Sent from my iPad using Ohub Campfire


----------



## Jim Stedke (Dec 5, 2005)

There several odnr guys who watch this page. They are not at liberty to disseminate information. 

Let's keep our pants on, and wait until the official report comes out. These trawls are a great way to estimate the number of surviving young of the year walleye, but they are not 100% fool proof. They have underestimated good recruitment years before. Remember they are estimates.
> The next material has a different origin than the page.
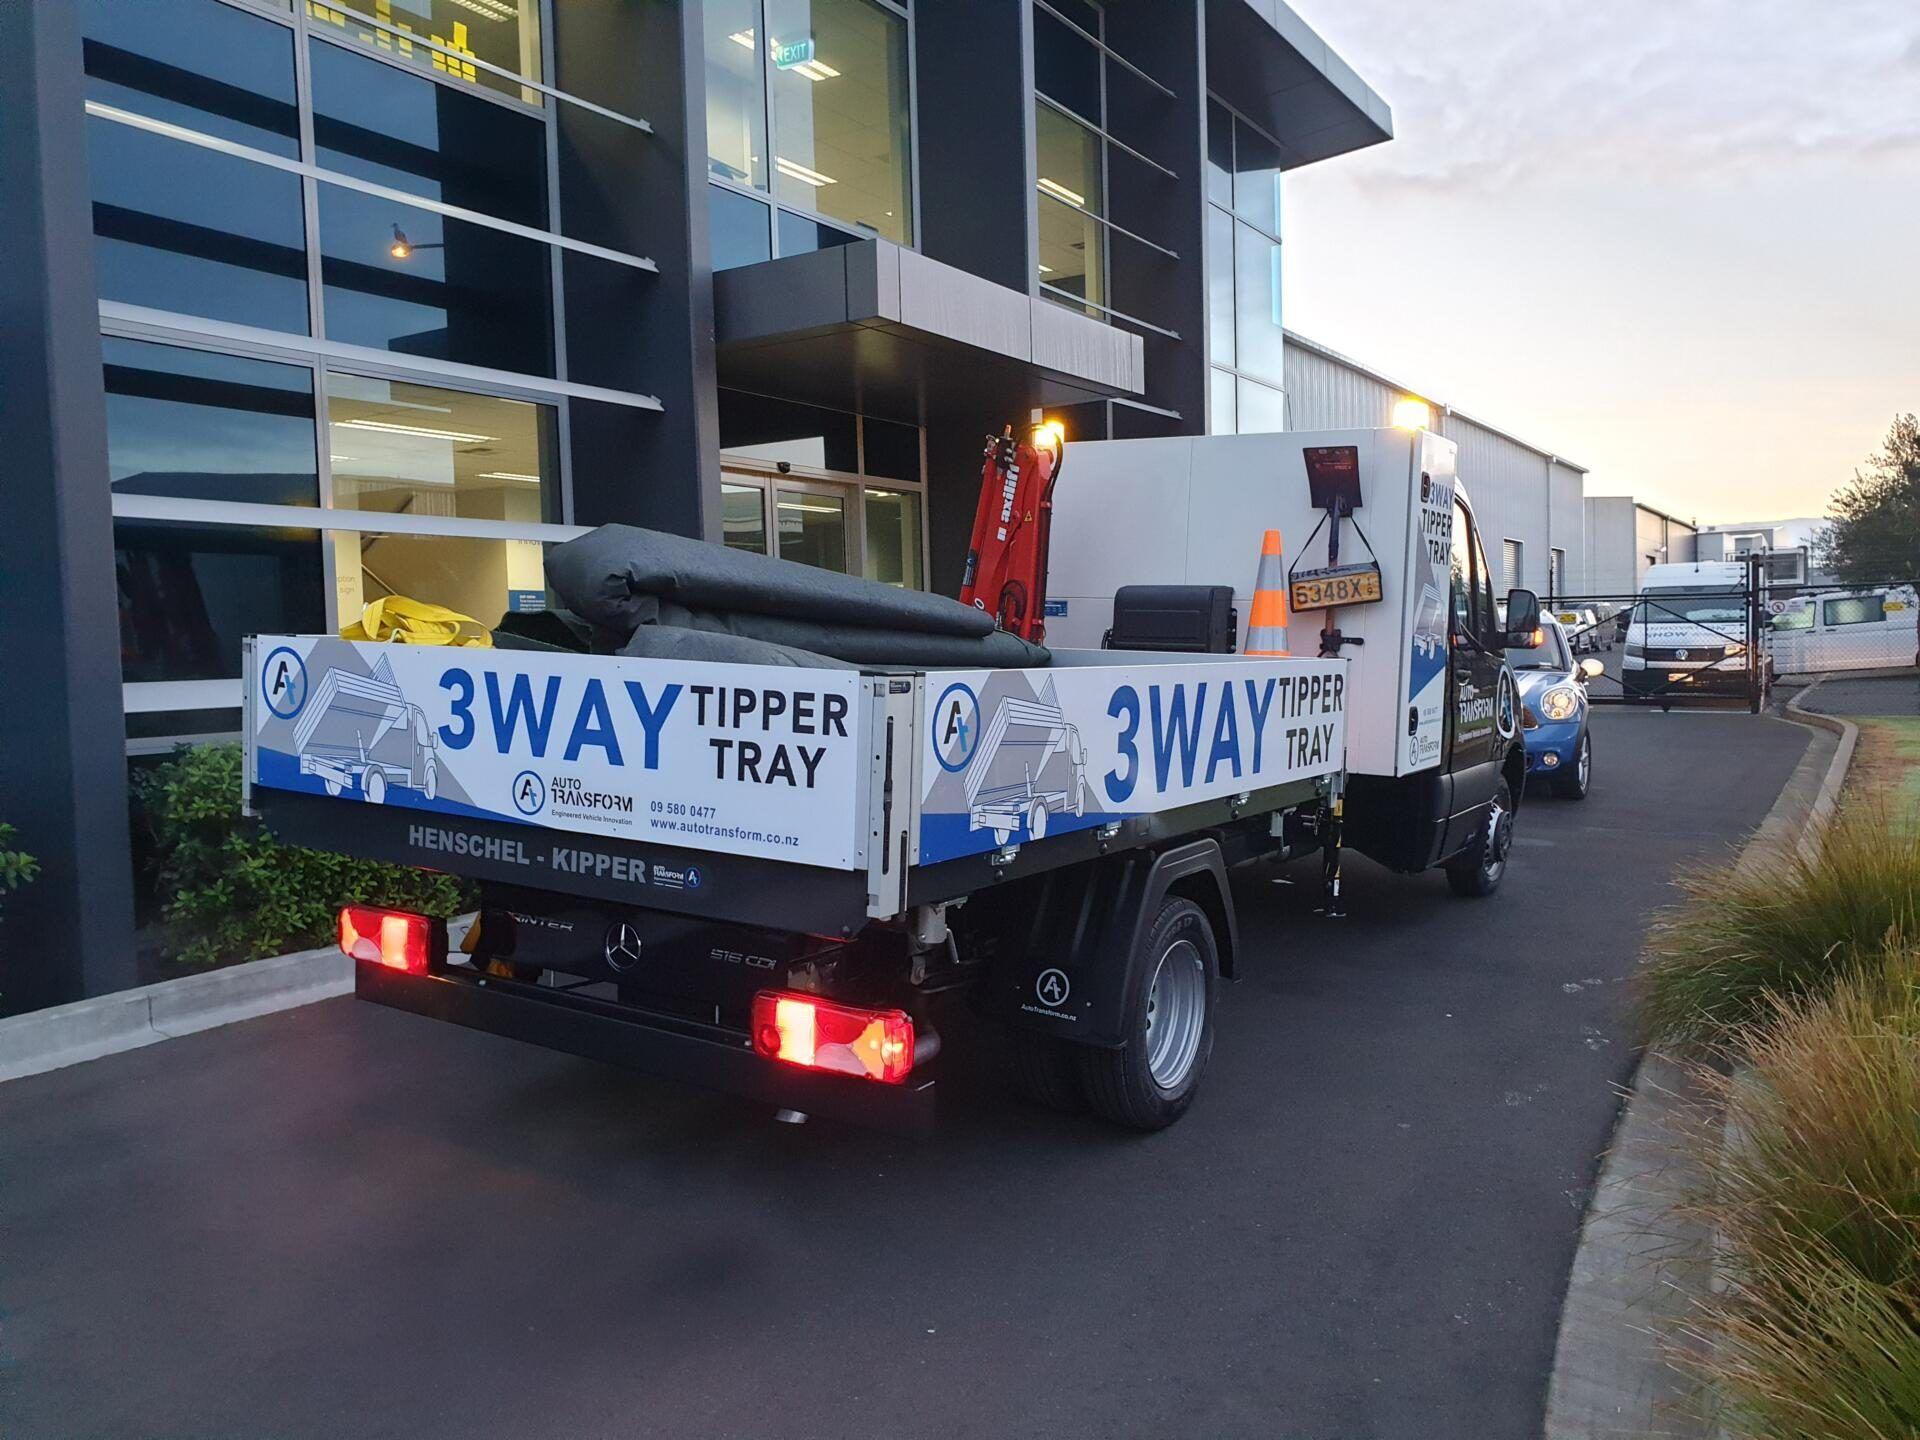 fleet branding vehicle signage for auto transform way tipper

I'm as hopeful as any that we have a good year, but hype and guess work doesn't change what is going on in the lake.


----------



## buckeye2 (Jun 17, 2012)

Was surveyed a couple weeks ago and I asked the DNR agent about this.Would not elaborate but said "it was very good"


----------



## K gonefishin (May 4, 2004)

One of my friends first mates on a WB charter boat and he said they have been catching a bunch of fish from last years hatch, nice size cigars, one day he went snapping bands from one side of the boat to the other cleaning lines. I have seen some folks report catching them while perching so that's a good indication that the 2013 hatch definitely put some numbers in the lake. Even a mediocre hatch of 8-10 million fish is great, do that 4 years in a row and you have 30 million.


----------



## mach1cj (Apr 11, 2004)

caught several 5-6" spikes last week while perching around Green.


----------



## pistol (Jan 6, 2014)

mach1cj said:


> caught several 5-6" spikes last week while perching around Green.
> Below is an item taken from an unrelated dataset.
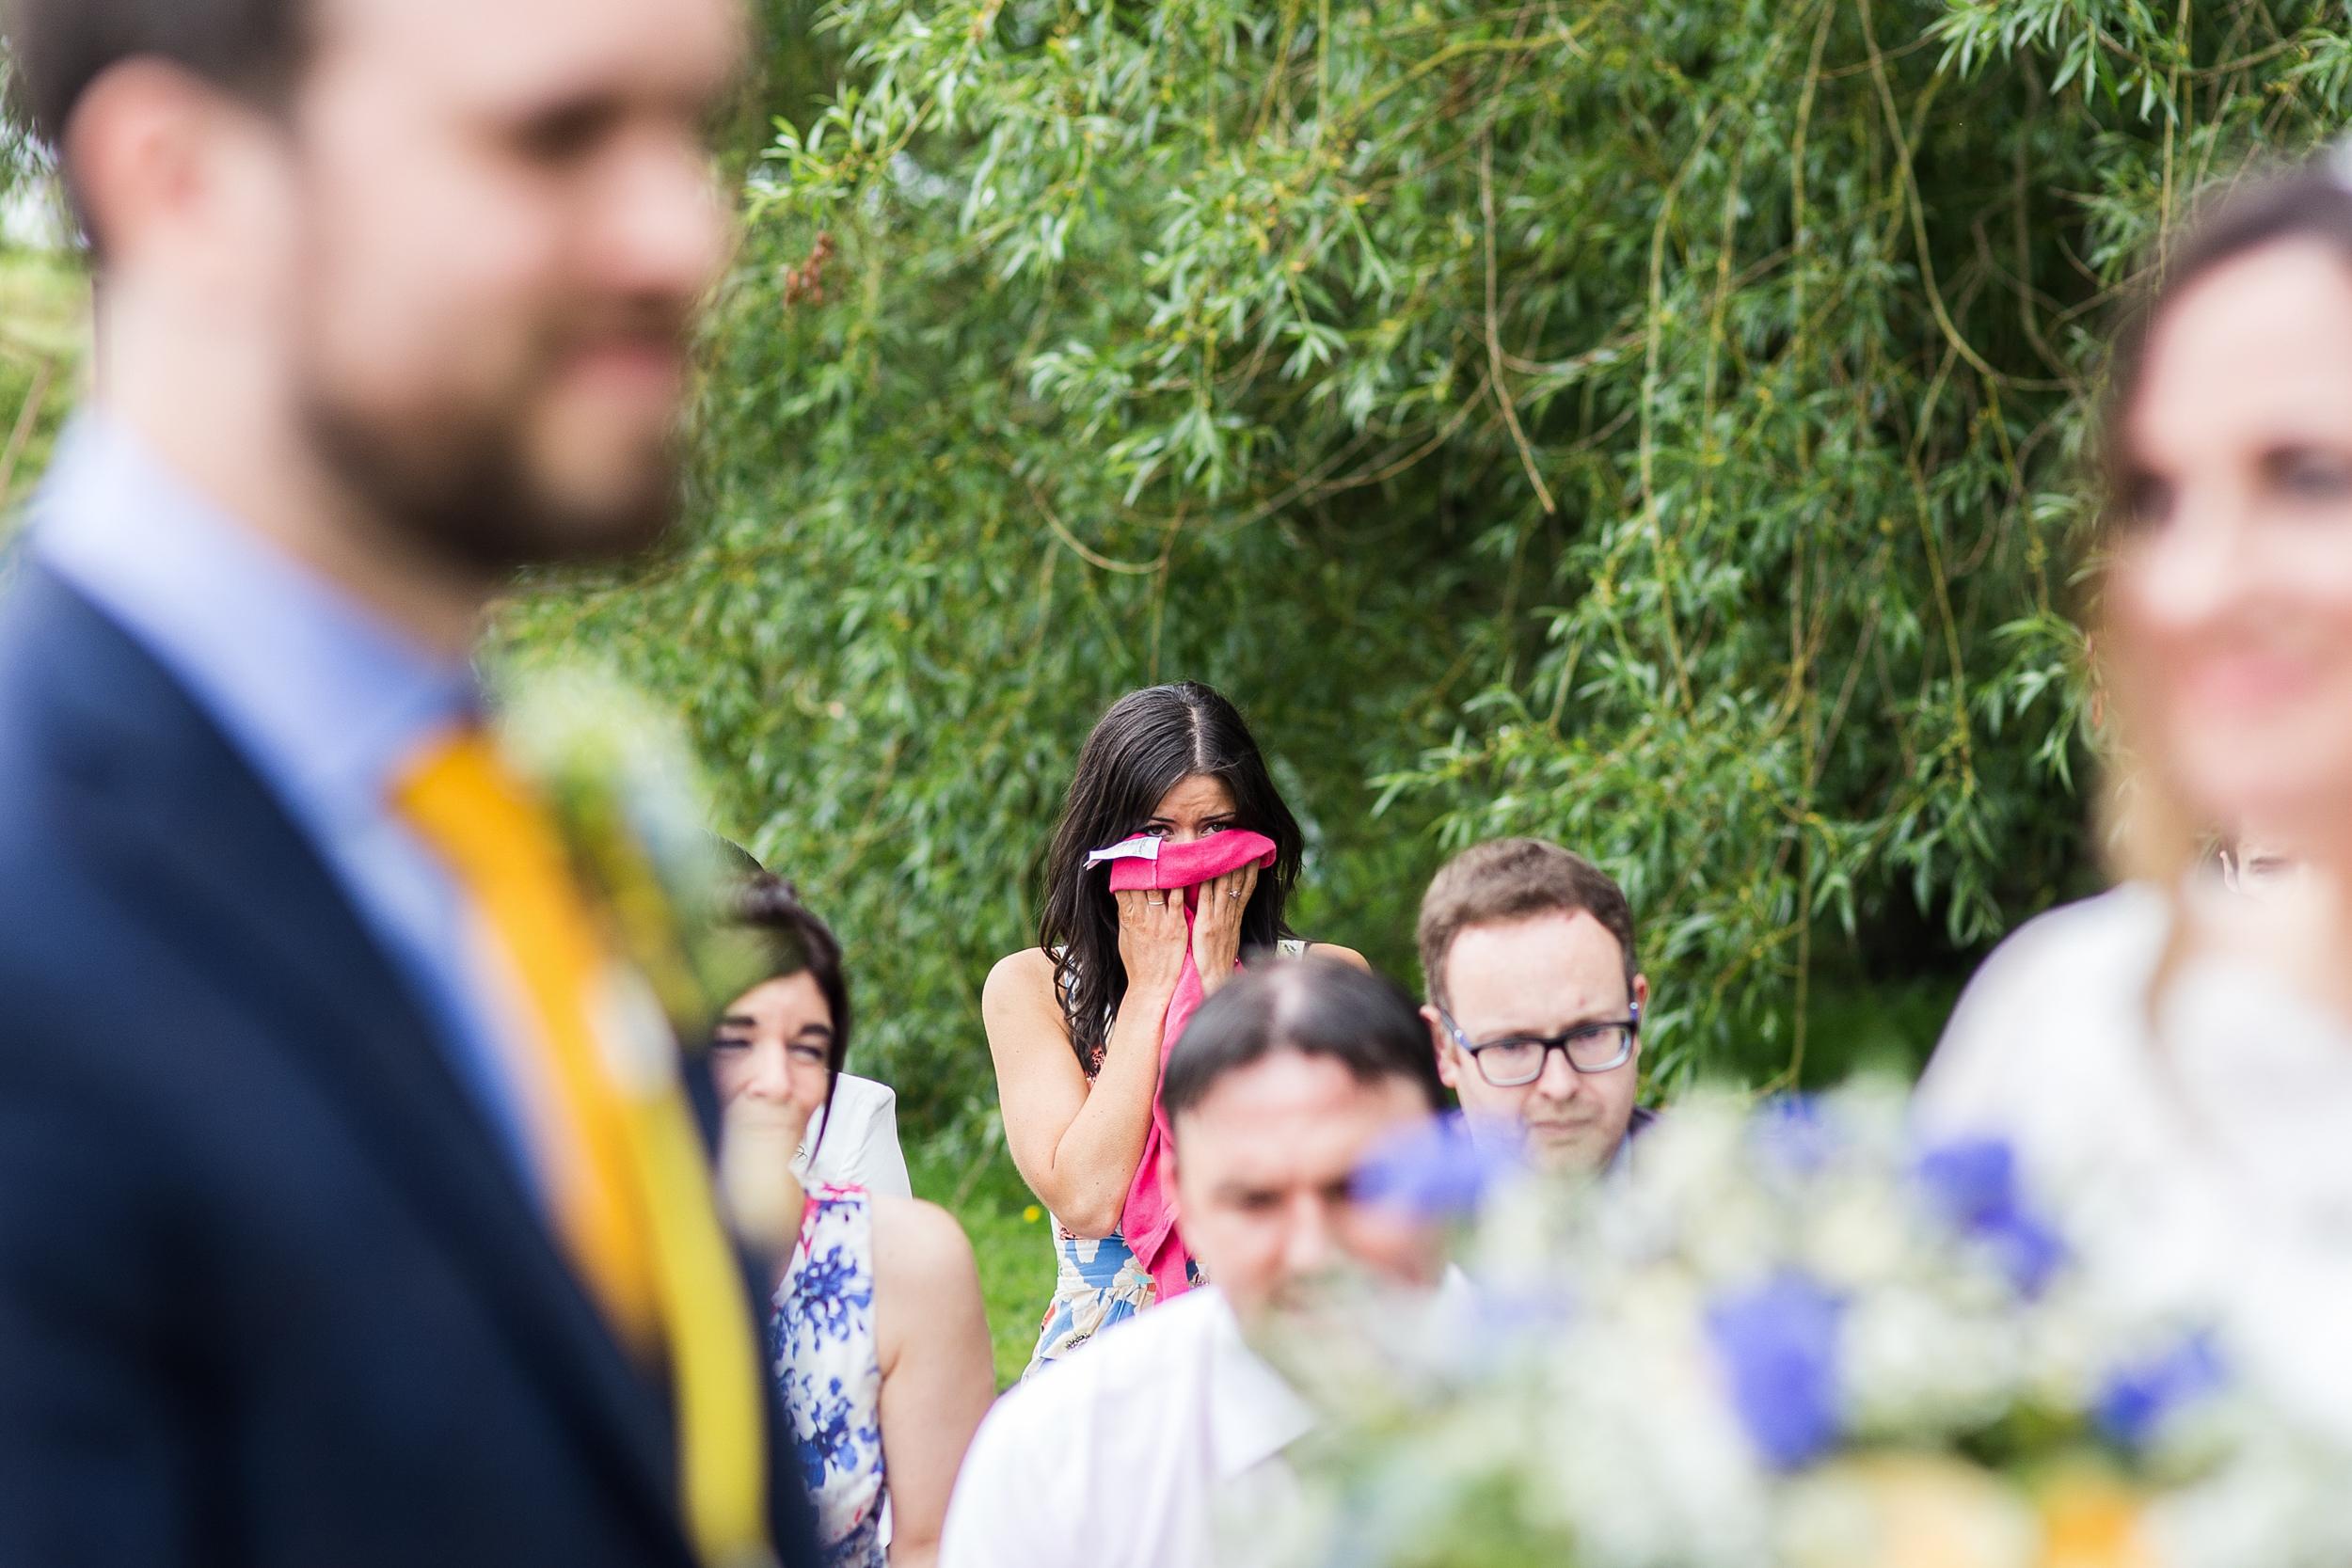 creative-wedding-photography-teesside-north-east-yorkshire-28.jpg

Fall in 2003 we caught 30 baby eyes perchin one day. Best indicator Ive ever experienced other than the winter of 2005 when Papa Scott and I caught 60 walleyes through the ice north of Kellys and every single one was14 to 14.5 inches long again all being from the 03 class. Love to see another one like that.


----------



## hunt-n-fish (Jun 19, 2007)

mach1cj said:


> caught several 5-6" spikes last week while perching around Green.


Those are from last years hatch


----------



## wakina (May 30, 2007)

mach1cj said:


> caught several 5-6" spikes last week while perching around Green.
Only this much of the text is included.